DISC1 and dysbindin were expressed as recombinant proteins with or without a fluorescent protein-tag in human or mouse neuroblastoma cells and as recombinant proteins in E. coli. Postmortem brains of patients with mental diseases from the Stanley Research Medical Institute's Consortium Collection were used to demonstrate molecular interactions in biochemically purified protein fractions.
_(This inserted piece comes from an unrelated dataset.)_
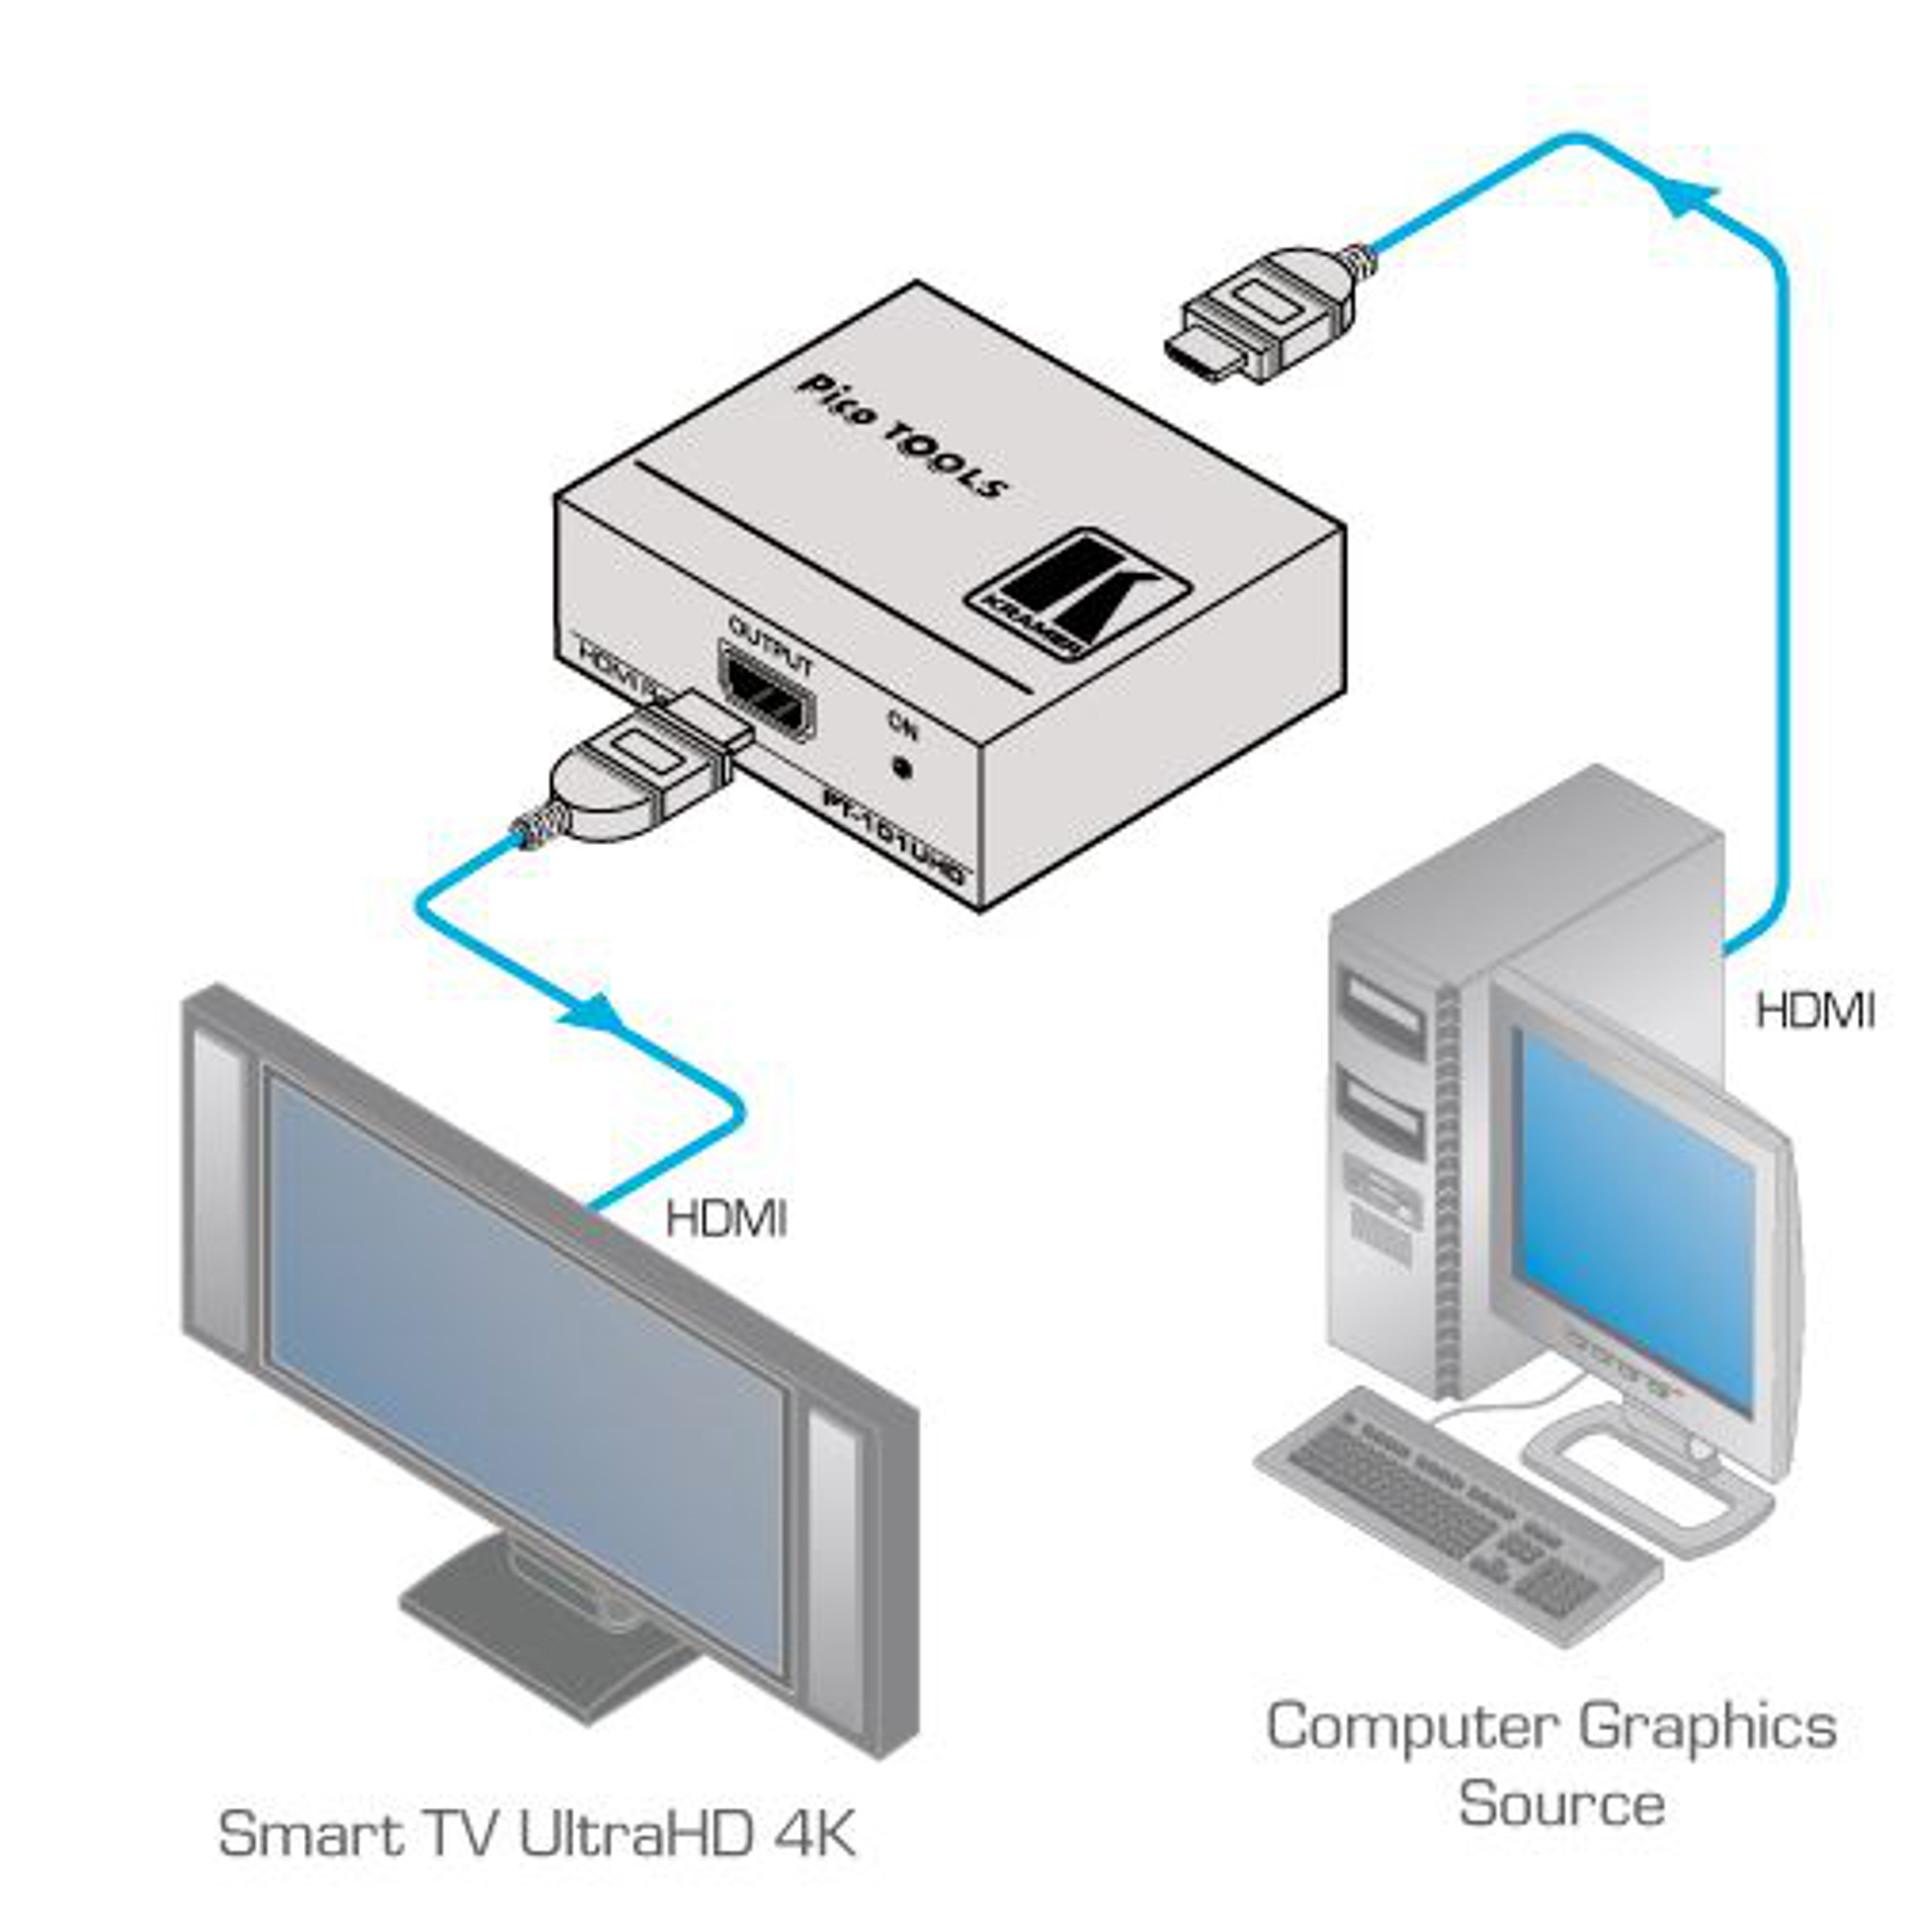 PT-101UHD - 4K UHD HDMI Repeater - Kramer - BellEquip

First, upon overexpression in neuroblastoma cells, DISC1 formed aggresomes that recruited homologous soluble C-terminal DISC1 fragment or heterologous dysbindin. Domains involved in binding could be mapped to DISC1 (316-597) and dysbindin (82-173), indicating a specific interaction. In addition, recruitment was demonstrated when externally added, purified DISC1 aggresomes penetrated recipient cells after coincubation. Second, a direct interaction between soluble DISC1 protein and dysbindin was demonstrated in a cell free system using E. coli-expressed proteins. Third, co-aggregation of DISC1 and dysbindin was demonstrated in postmortem brains for a subgroup of cases with chronic mental disease but not healthy control subjects.


A direct interaction of soluble and insoluble DISC1 protein with dysbindin protein demonstrates convergence of so far considered independent mental disease genes by direct molecular interaction. Our findings highlight protein aggregation and recruitment as a biological mechanism in mental disease.